These Theosophical rituals have and had a variety of names. Examples are “Sydney Workings”, “Annie Besant Concord”, “Dharma Workings”, “Lauderdale”, “Besant / Leadbeater” or “English” (the latter because the rituals were based on what is nowadays Emulation).
None of that is very important for the present article, but what were and are the differences in the rituals and how was the Freemasonry of Leadbeater different from other kinds of Freemasonry?

Let me start with a few ‘ritual differences’. The arrangement of the lodge differs from one rite to the next. People familiar with Emulation may not be surprised by an empty chair in the North or an officer sitting in the South, but other Masons just may be.
A bigger difference is the ‘dress-code’. White clothing, robes even sometimes, is still the norm in many lodges working any of the Theosophical rites. There seems to have been a time that some sort of hoods were worn.
People not used to Theosophical rituals will have at leat two more surprises. First, there is singing in the lodge, second, the opening involves a lengthy ceremony with incence.

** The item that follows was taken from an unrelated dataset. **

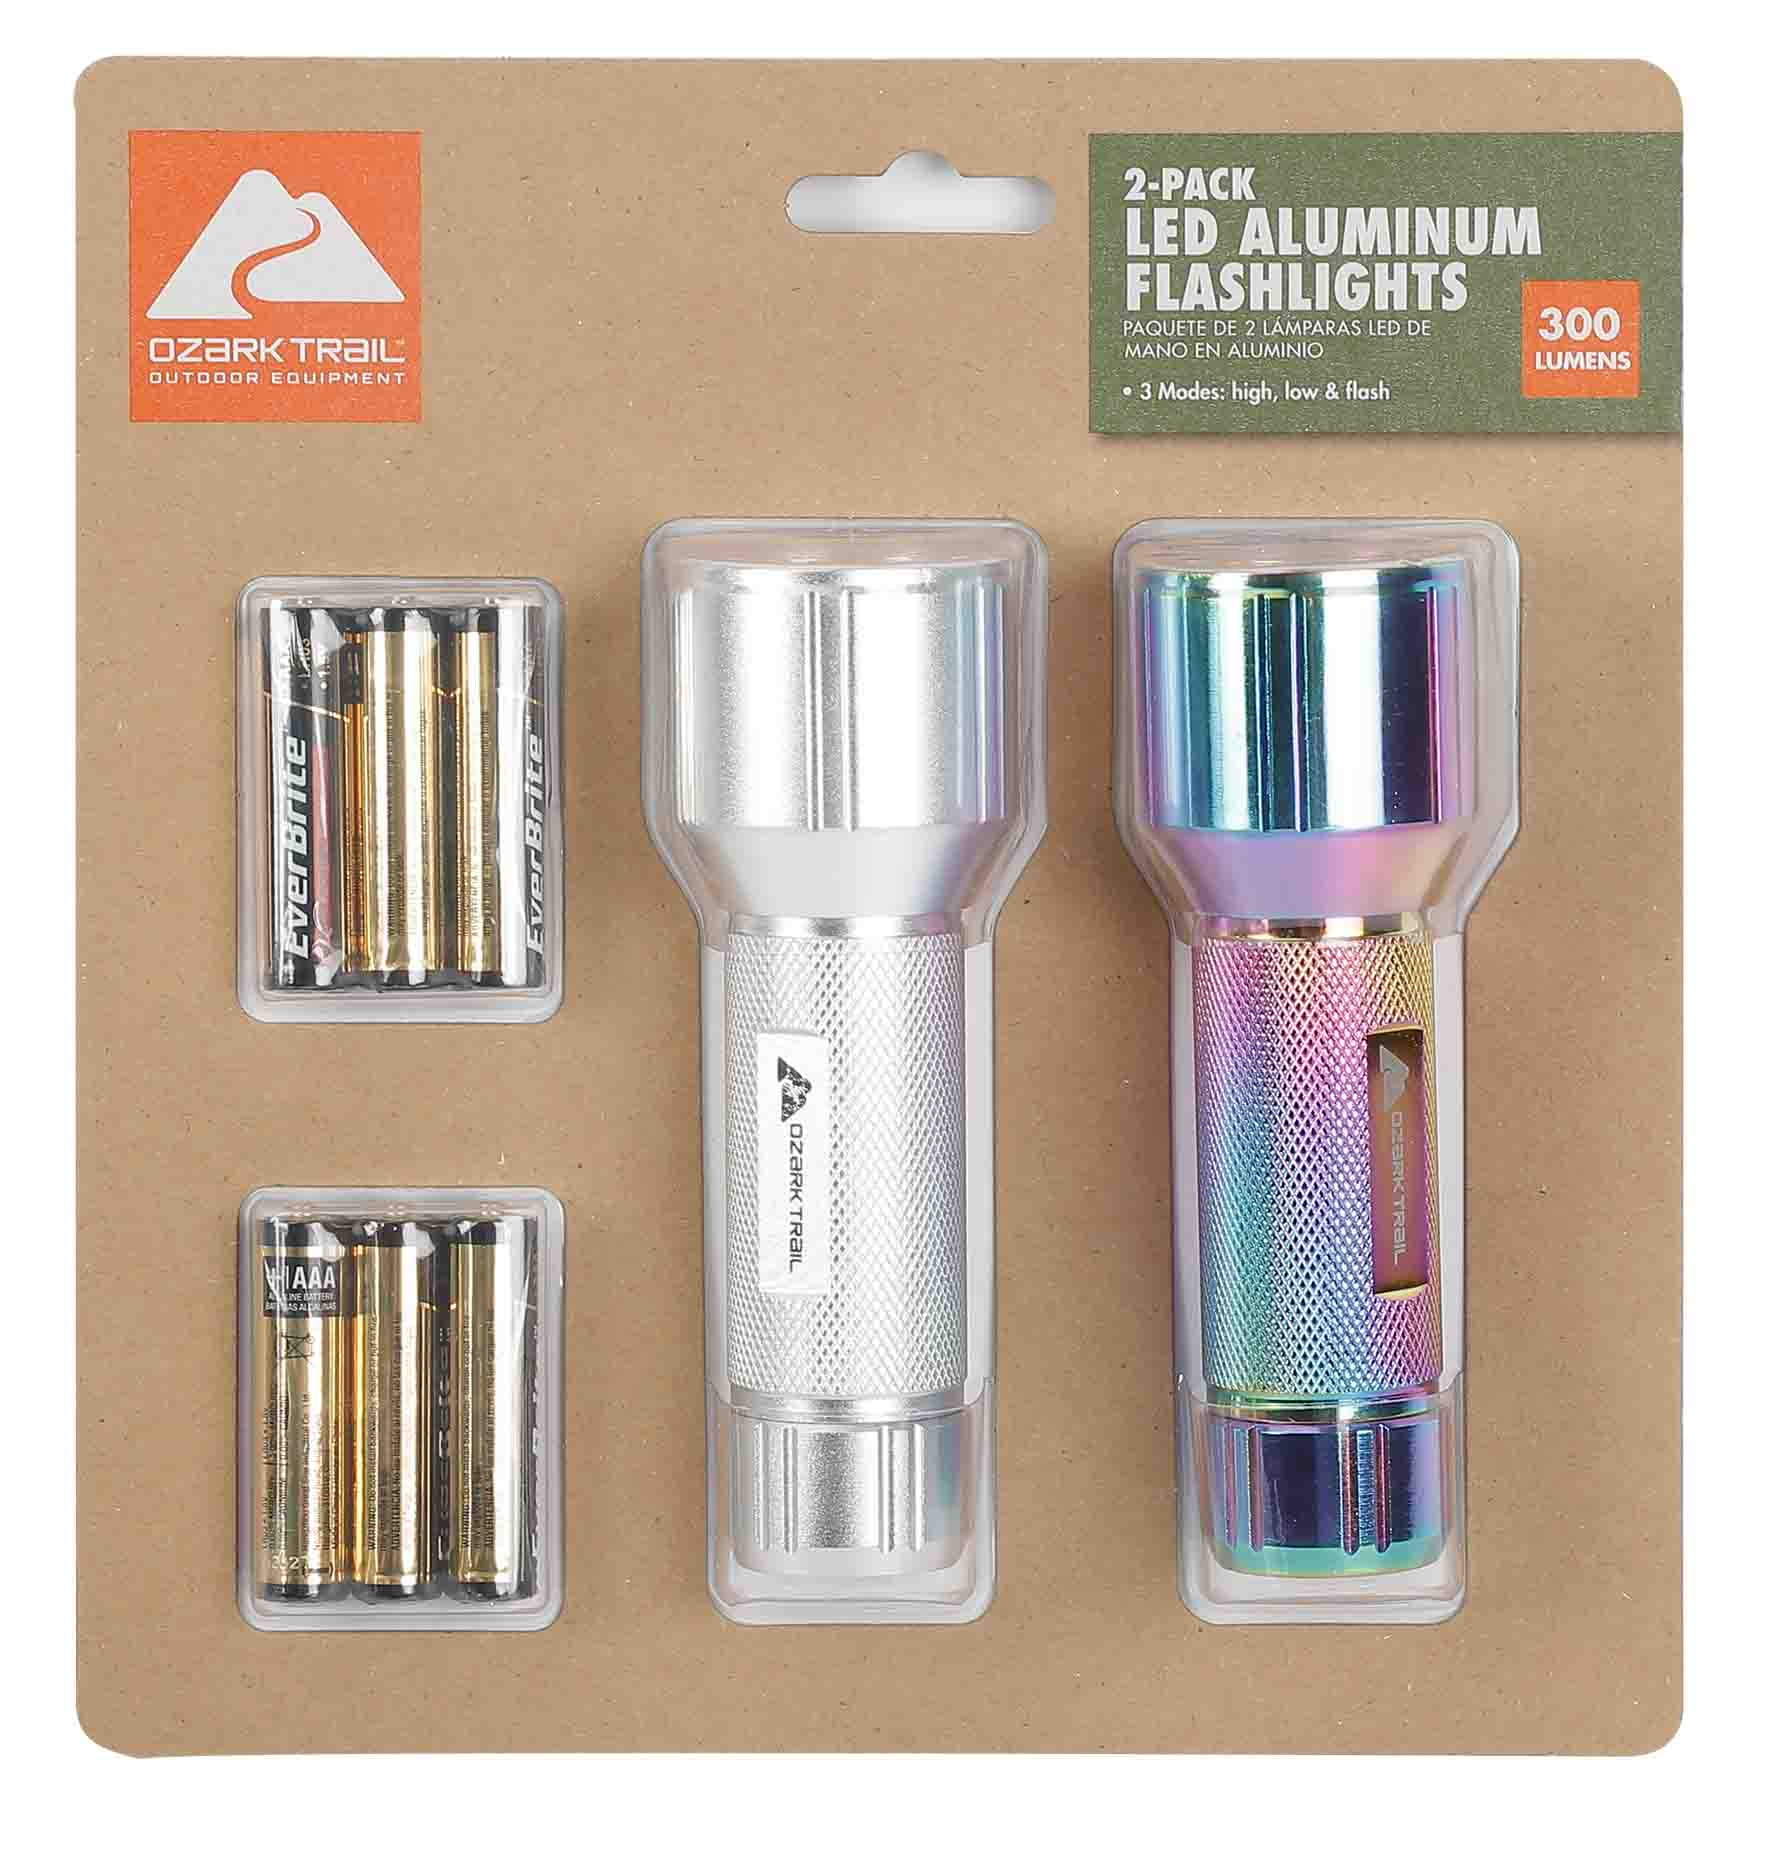 2-Pack Ozark Trail LED 300 Lumens Handheld Aluminum Flashlights w/ 6 AAA Batteries (Silver & Iridescent) $6.05 & More + Free S&H w/ Walmart+ or $35+

So far the outer differences (feel free to complement me using the comment field below).

Leadbeater wrote a lot, but it seems that his bibliography contains just two books about Freemasonry, both published in 1926. The first is called Glimpses of Masonic History (later:  Ancient Mystic Rites). The second The Hidden Life in Freemasonry

The first book, as the title suggests, is a history of Freemasonry. In the last chapter the author touches upon “the co-Masonic order”. As we see more in those days, Leadbeater wrote an esoteric history of Freemasonry describing all kinds of mysteries.
The second title I recently picked up because I ran into a quote from it and decided to check the context. The book is very Theosophical. You can read about “thought forms”, “chakras”, “kundalini”, the ‘Great White Lodge” and whatnot. Of course Leadbeater also writes about Masonic ritual and elements therefrom. The temple, furniture, functionaries, the opening and closing, etc., etc. That is -of course- one thing, but here we actually have a book of a person who wrote Masonic rituals and and this book explains why certain things are the way they are. You can read why Leadbeater added the incence opening and why he left the Q&A at the opening. No matter what you think of such elements, it is interesting to read the ‘how’s and ‘why’s of the author himself.

Then there are the explanations themselves. To stick with the censing; the order of the places and the forms in which the container is swung is extremely particular and Leadbeater says why. He also writes about how he clairvoyantly sees ‘beings’ over the heads of officers and how they become active when the officer has a task in an open lodge. Leadbeater speaks about magnetising the lodge and how hard work this is when other people present don’t understand what is going on. Indeed, a rather ‘fluffy’ explanation of Freemasonry, but of course, each to his/her own.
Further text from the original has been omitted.